Foam rollers work by placing the affected body part on top, and then using your body weight and gravity to apply pressure through the soft tissue. They are generally more effective for muscle groups on the back side of the legs, but can also be used on the quadriceps in the thigh or the small muscles alongside the shin. Used frequently, rollers also provide a gentle upper body workout, because you are constantly propping yourself on hands or elbows with varying amounts of force to control the degree of pressure in the legs.
Key Guidelines For Safe And Successful Rolling
Stay within your pain threshold. Foam rolling causes discomfort in the targeted tissue – and while a little bit of pain is good, getting too masochistic can actually cause more damage. Start out gently, and apply more body weight pressure only as you can tolerate it.
Roll the entire length of tissue you are targeting, even if your soreness is in a small area. For the lower legs, a good guideline is to roll from the joint below the sore spot to the joint above it. Rolling the whole tissue ensures that you hit the full range of tight fibers; if you only focus on one spot, you might end up simply pushing the knot to a different area of the tissue.
Spend more time going back and forth across any particularly painful or stiff areas – 30 to 60 seconds is ideal – before continuing to roll the rest of the tissue.
Stretch the targeted muscles after foam rolling.
You can target some commonly tight areas with a foam roller by doing the following:
This is the central, deeper muscle below the larger medial and lateral calf muscles. From a seated position with your legs straight, prop one leg on the roller just above the heel, and slowly roll your way up to the knee joint while keeping your toes pointed upright. For more pressure, you can cross your non-rolling leg on top of the one being rolled.

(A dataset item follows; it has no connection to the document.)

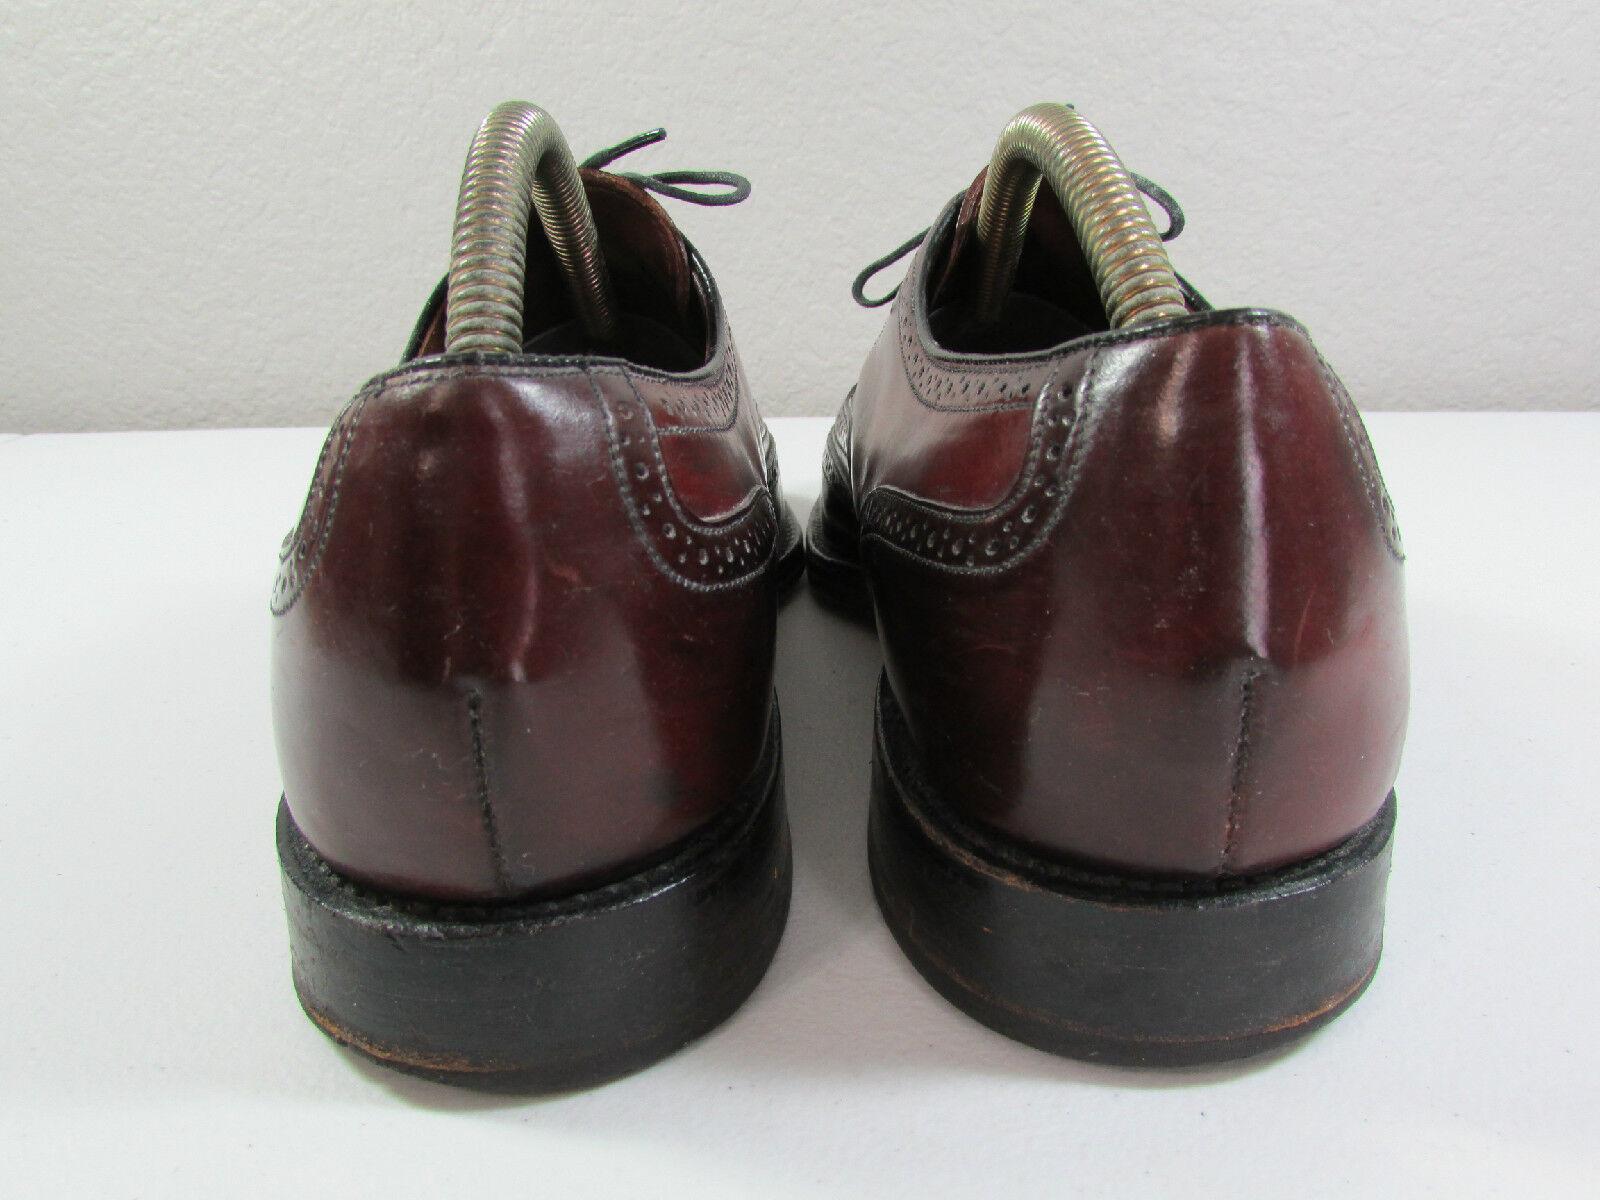 Vintage SHELL CORDOVAN Burgundy Pelle Sole Burgundy CORDOVAN Brogue Oxford WINGTIPS Size 12 15da0e

The large muscles of the calf are aligned slightly to either side of the lower leg midline – so to target these, copy the soleus stretch but rotate your toes slightly outward or inward while rolling.
Sit with one leg resting on the roller right at the knee joint and your other leg bent at the knee with your foot resting on the ground. Place your palms on the floor behind you. Push with your arms and your grounded foot to slowly roll upward from the knee to the buttocks.
Gluteus And Piriformis
Sit with both hips on top of the roller and your palms on the ground behind you. Cross one foot over the opposite knee, and rotate your hips about halfway towards the side that is still on the roller – for example, if you lift your right foot up, roll to the left. Use your arms and torso muscles to roll the large muscle groups. Experiment with different degrees of hip rotation to target different areas of the muscle.
Prop yourself in a sideways plank position, resting on one elbow and with the foam roller under your hip. Bend and rotate your top knee so the foot rests on the ground. Roll downward, all the way toward the knee, using your arms and top leg to maneuver.